Carbon (the Carbon Genomic Foundation Model) is an open autoregressive DNA foundation model released in 2026 through a collaboration between Hugging Face, the Zhongguancun Academy in Beijing, and TIGEM (Telethon Institute of Genetics and Medicine) at Università di Napoli Federico II. It is built to model genomic sequence at scale while remaining fully open — model weights, training and inference code, the training corpus, and a technical report are all released under Apache 2.0.
Carbon enters a landscape defined by large genomic models such as Evo 2, and positions itself explicitly as an efficient, fully reproducible alternative. Where many high-performing genomic models rely on specialized hybrid architectures or single-nucleotide tokenization, Carbon takes a deliberately conventional decoder-only transformer and pairs it with a 6-mer DNA tokenizer that compresses sequence aggressively. The result is a model family that matches the zero-shot quality of larger systems while running at dramatically higher throughput — the 3B variant reportedly matches the win rate of Evo2-7B at roughly 275x the throughput, and can score the entire human genome on a single GPU in under two days.

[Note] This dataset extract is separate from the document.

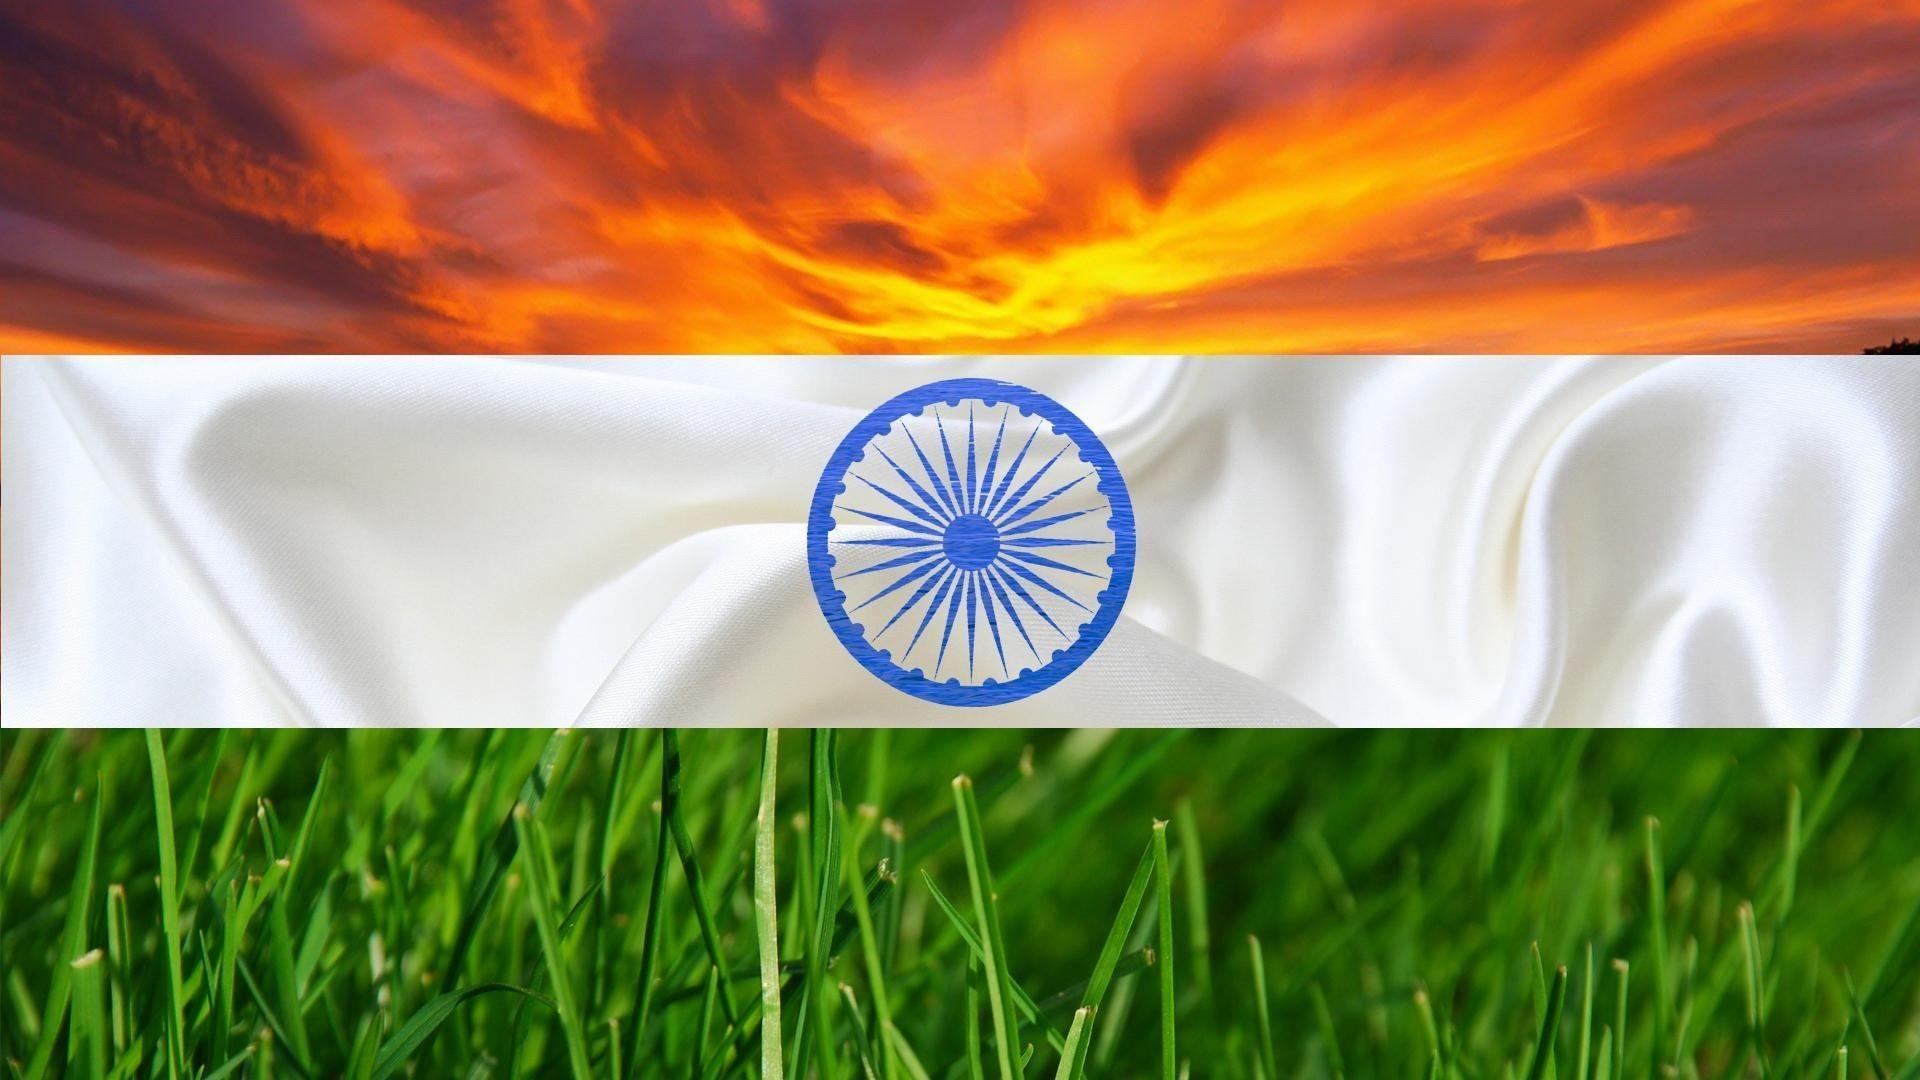 Indian National Flag Wallpaper 3d 69 Images

The family ships in three sizes: Carbon-500M (a 0.5B draft model intended for speculative decoding), Carbon-3B (the 3B flagship), and Carbon-8B (the 8B largest variant). All are trained without task-specific labels, learning genomic structure directly from a curated, annotation-aware mixture of sequence data.
<dna> tag. The 6-mer scheme compresses DNA roughly 6x and cuts attention cost by up to 36x.Carbon is a decoder-only autoregressive transformer trained on approximately 1 trillion tokens (~6 trillion DNA base pairs) drawn from the Carbon Pretraining Corpus. The corpus is an annotation-aware mixture: eukaryotic functional genomic regions from RefSeq, spliced mRNA transcripts from OpenGenome2, and roughly 10% prokaryotic genomes from GTDB v220 and IMG/PR. Training emphasizes functional regions over genome background. Two training-time innovations support the coarse tokenizer: a Factorized Nucleotide Supervision (FNS) loss that grants partial credit for near-miss 6-mer predictions, and a base-level inference scheme that marginalizes over tokens to produce per-base probabilities for scoring and generation.

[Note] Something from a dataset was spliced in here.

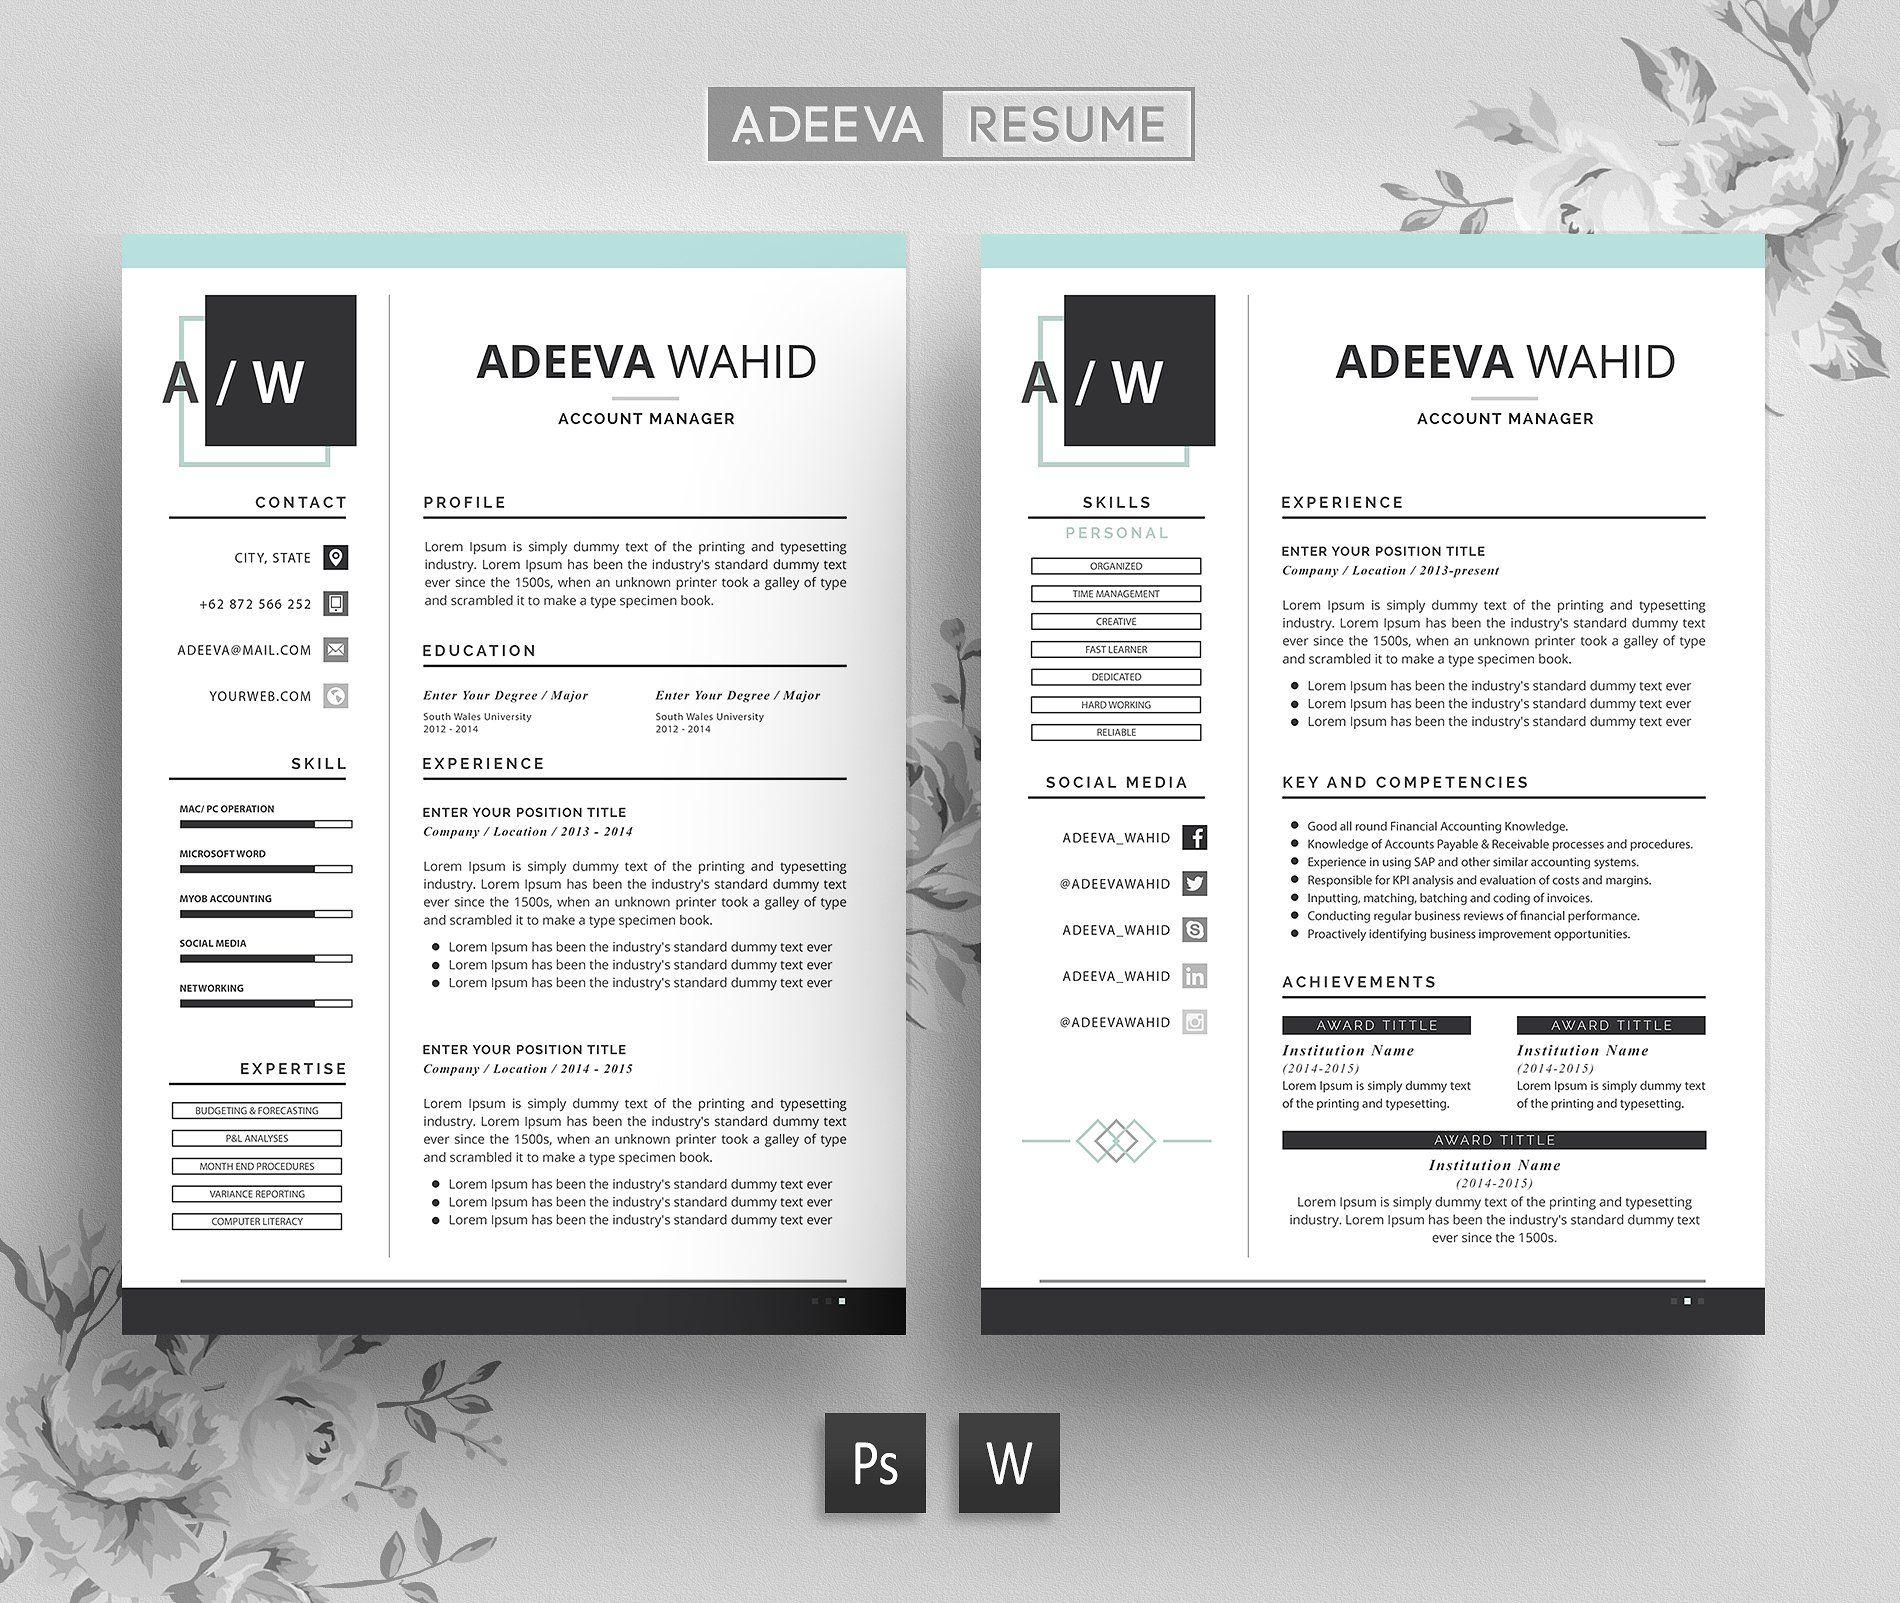 Simple Resume Template Wahid Simple Resume Template Simple Resume Resume Template

The three variants (500M, 3B, 8B) share the same architectural template — RMSNorm, SwiGLU, RoPE, grouped-query attention, tied embeddings — differing in depth and width. Across eight training-free (zero-shot) tasks, Carbon-8B leads, while Carbon-3B matches Evo2-7B quality at far lower cost. Evaluated tasks include variant effect prediction (BRCA2 variants, ClinVar non-coding variants), sequence recovery, perturbation analyses (CAG/triplet repeat expansion, synonymous-codon substitution), and long-context retrieval (Genome-NIAH at 393 kbp).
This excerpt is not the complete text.